Jean-Jacques Lumumba (born February 19,1986) is a Congolese banker and whistleblower. In 2016, he revealed that the BGFIBank Group had covered up the embezzlement of tens of millions of dollars' worth of public money by DRC president Joseph Kabila and his entourage.

== Biography ==
Lumumba was born in February 19,1986, maternally related to former DRC Prime Minister Patrice Lumumba and paternally related to Kimbanguism founder Simon Kimbangu. Growing up in Kinshasa, he and his family suffered harassment from both the Mobutu Sese Seko and Laurent-Désiré Kabila regimes because of their relation to Patrice Lumumba. He then studied at Boboto College before earning a bachelor's degree in economics in Kinshasa and then an MBA in France.

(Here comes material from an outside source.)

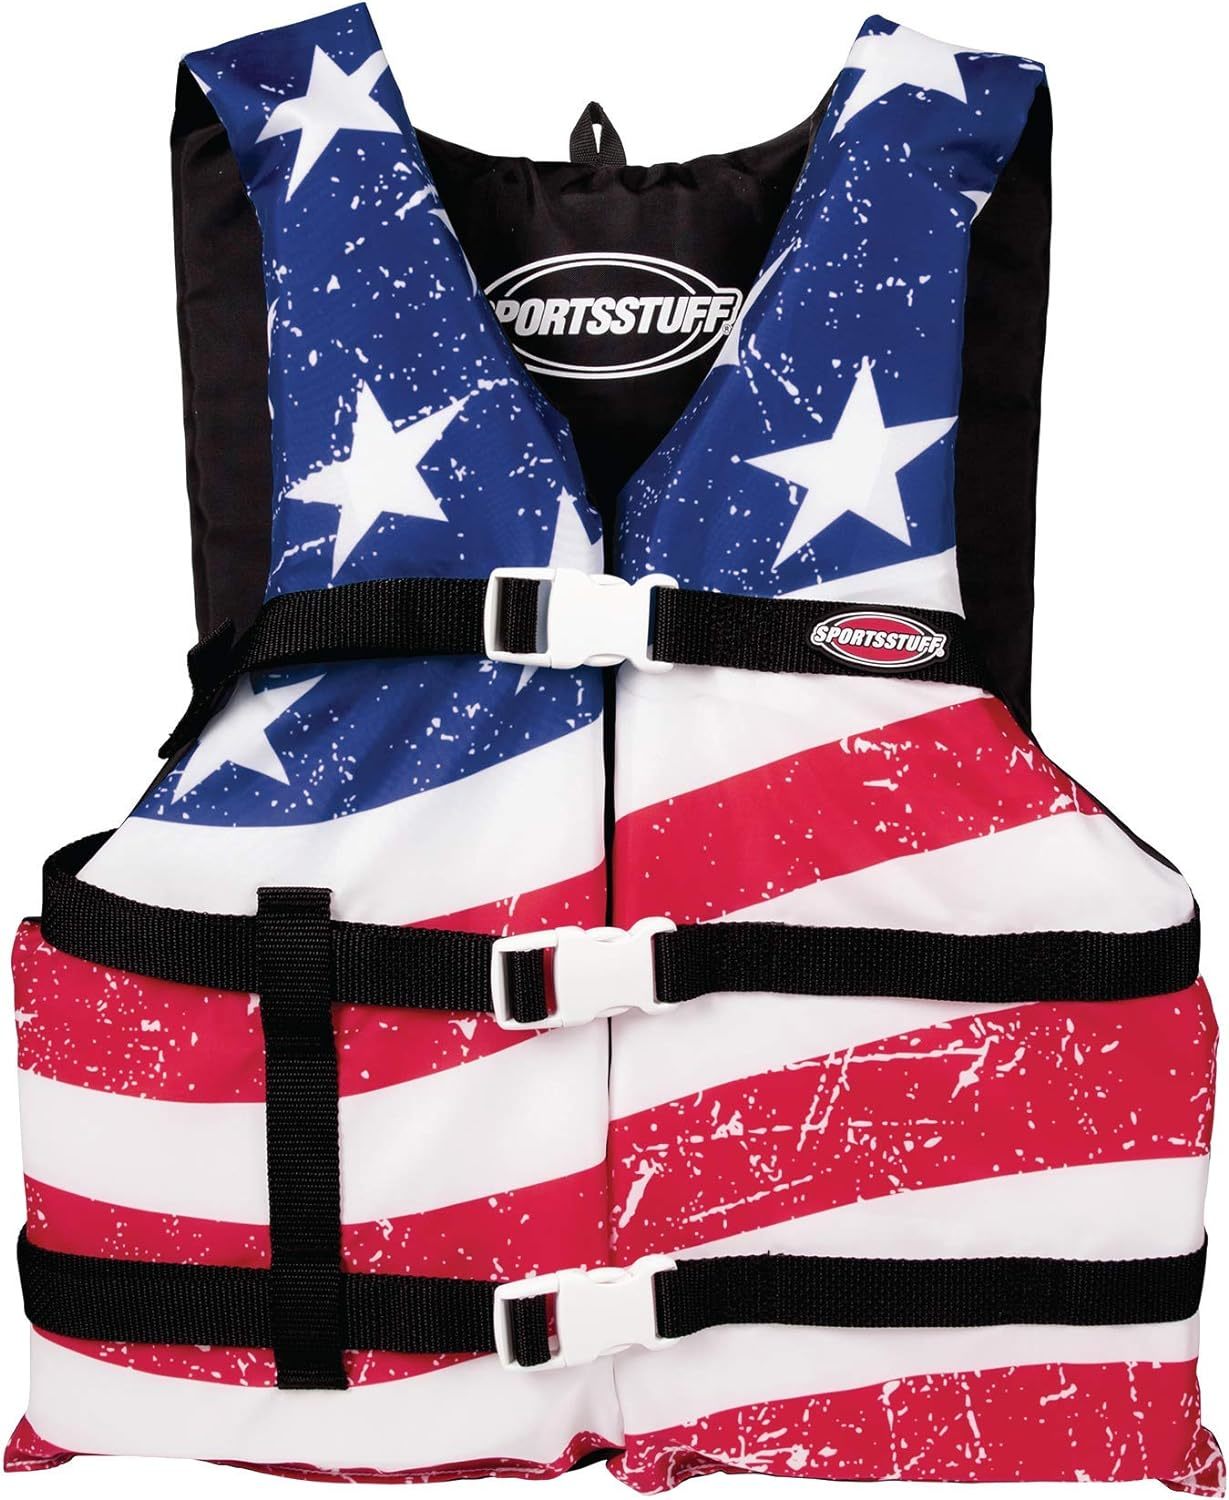 Child, Youth, And Adult Sportsstuff Stars And Stripes Life Jacket. - $41.96
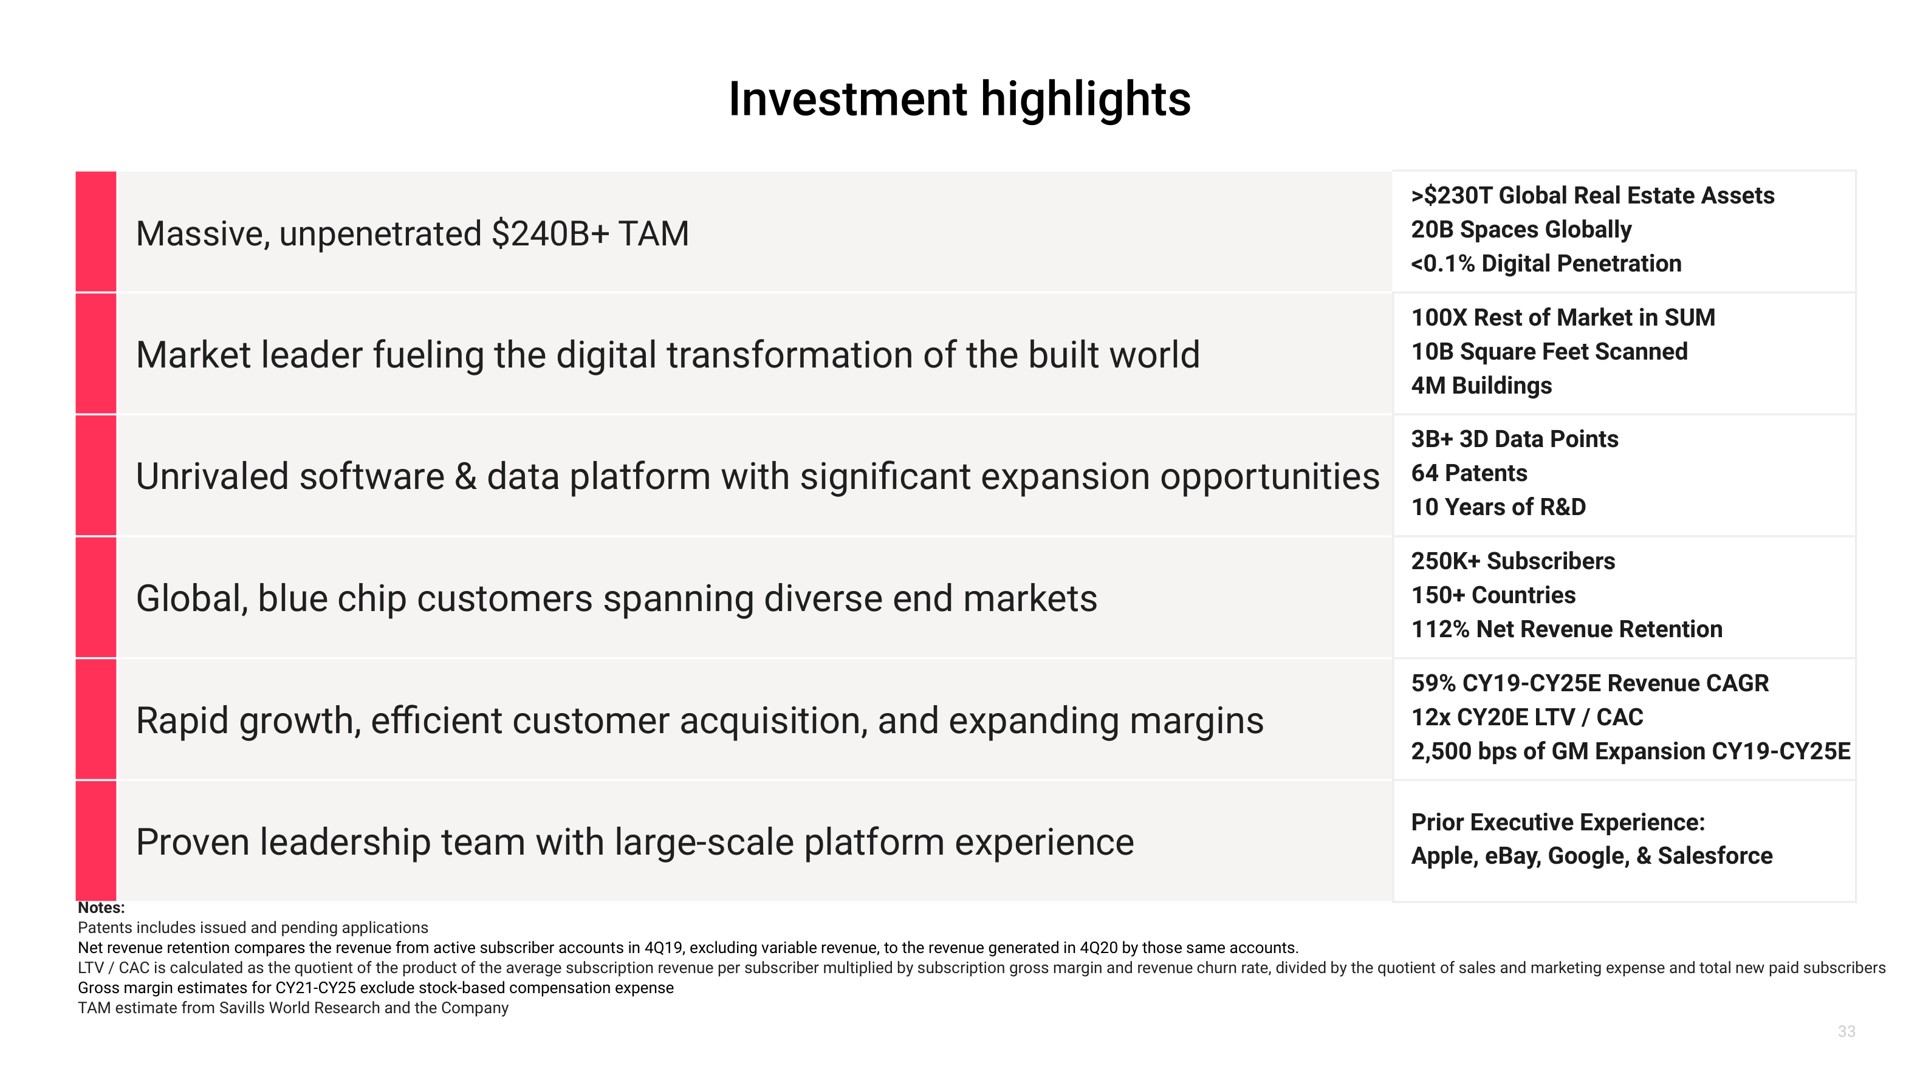 massive unpenetrated tam market leader fueling the digital transformation of the built world unrivaled data platform with cant expansion opportunities global blue chip customers spanning diverse end markets rapid growth customer acquisition and expanding margins proven leadership team with large scale platform experience investment highlights | Matterport

In 2012, he began working for the BGFIBank Group in the DRC. In 2016, he was promoted to director of engagements in the group, which brought him into close contact with many of the leading figures of the Joseph Kabila government. After noticing suspicious transactions on several client accounts, including Gécamines and companies owned by Kabila's entourage, he alerted PricewaterhouseCoopers, the Group's auditor. He also attempted to block an illegal loan to the Independent National Electoral Commission, but was overruled by his superiors. He then faced harassment and pressure from the BFGIBank Group hierarchy, including being threatened with firearms, eventually being forced to go on sick leave.

While on sick leave in Europe, he decided to resign. He then contacted Belgian newspaper Le Soir with documents he had managed to retrieve proving the embezzlement, leading the paper to publish an investigative series titled "La corruption du régime Kabila vue de l’intérieur" and which were soon dubbed by Congolese civil society groups the "Lumumba papers."

In 2019, while living as a refugee in France, he sued BGFIBank over the harassment he had suffered with the support of the Platform to Protect Whistleblowers in Africa (PPLAAF). That year, he was awarded an international anti-corruption prize by the United Nations.

In July 2021, his car was burned and his bag containing his laptops was stolen while traveling to Brussels for the Dynamic Congo 2060 conference, in what was potentially ongoing targeted intimidation for his whistleblowing.